What Can You Upload to Train Your AI Assistant? (Complete File Guide)
A comprehensive guide to file formats, best practices, and optimization tips for training your AI assistant's knowledge base.
What Can You Upload to Train Your AI Assistant?
Your AI assistant is only as good as its knowledge base. This guide covers everything you need to know about uploading content—file formats, best practices, and optimization tips.
Supported File Formats
Documents
**PDF Files (.pdf)**
- Standard text PDFs: Fully supported
- Scanned PDFs: Supported via OCR (optical character recognition)
- Image-heavy PDFs: Text extracted, images processed for text
- Max size: 10MB per file
**Word Documents (.doc, .docx)**
- Full formatting preserved for context
- Headers and structure maintained
- Tables converted to readable format
- Max size: 10MB per file
**Text Files (.txt)**
- Plain text, UTF-8 encoding recommended
- Great for FAQs and simple content
- No formatting overhead
- Max size: 10MB per file
**Markdown Files (.md)**
- Structure preserved (headers, lists)
- Code blocks included
- Ideal for technical documentation
- Max size: 10MB per file
Spreadsheets
**CSV Files (.csv)**
- Rows converted to readable entries
- Great for product catalogs, FAQs, data tables
- First row treated as headers
- Max size: 10MB per file
**Excel Files (.xlsx)**
- First sheet processed by default
- Tables and data extracted
- Formulas converted to values
- Max size: 10MB per file
Images
**Image Files (.png, .jpg, .jpeg)**
- OCR extracts visible text
- Great for scanned documents, screenshots, infographics
- Handwritten text partially supported
- Max size: 5MB per file
What Makes Good Training Content?
High-Quality Content Characteristics
**Specific and Detailed**
- Bad: "Our product helps with productivity"

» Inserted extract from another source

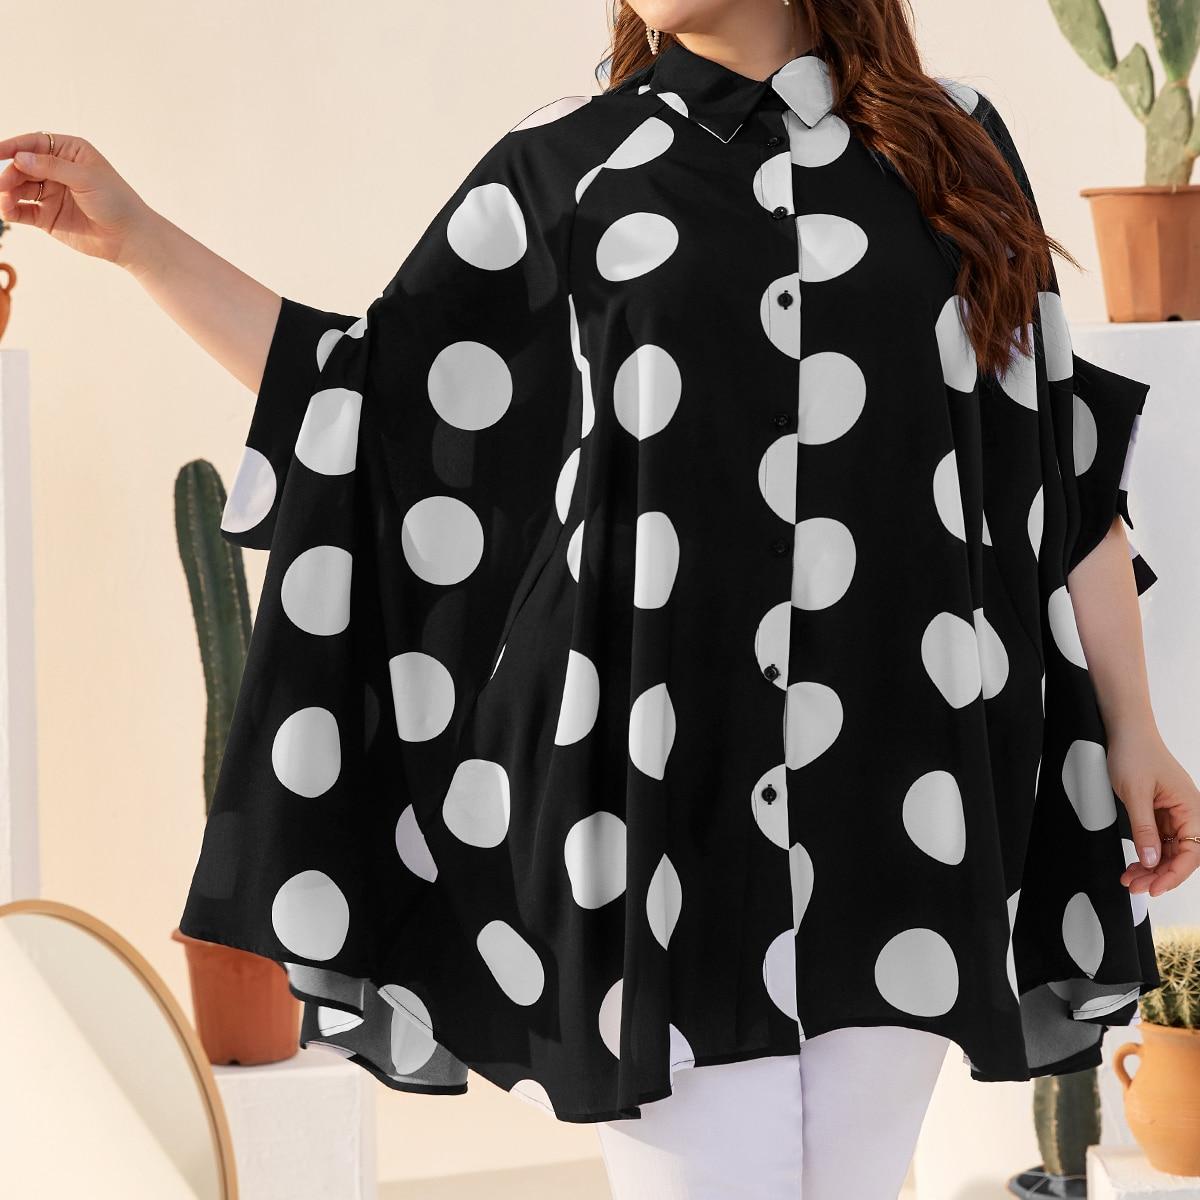 Рубашка в горошек с пуговицами размера плюс

- Good: "Our task management feature saves users an average of 2.5 hours per week by automating recurring task creation"
**Well-Structured**
- Use clear headings
- Organize by topic
- Maintain consistent formatting
**Comprehensive**
- Cover common questions
- Include edge cases
- Provide context and nuance
**Current**
- Remove outdated information
- Update with recent changes
- Date-stamp time-sensitive content
Content Types That Work Well
**FAQs and Q&A Pairs**
- Explicit question-answer format
- Covers common user queries
- Easy for AI to match and retrieve
**How-To Guides**
- Step-by-step instructions
- Clear procedures
- Troubleshooting steps
**Reference Documentation**
- Product specifications
- Policy documents
- Technical details
**Case Studies**
- Real examples
- Outcomes and lessons
- Context and nuance
**Frameworks and Methodologies**
- Your unique approaches
- Decision-making processes
- Best practices
Content to Avoid
What Not to Upload
**Duplicate Content**
- Multiple versions of the same document confuse the AI
- Keep one authoritative version
**Contradictory Information**
- Old and new policies together cause confusion
- Archive outdated content separately
**Sensitive Data**
- Personal information (unless necessary and compliant)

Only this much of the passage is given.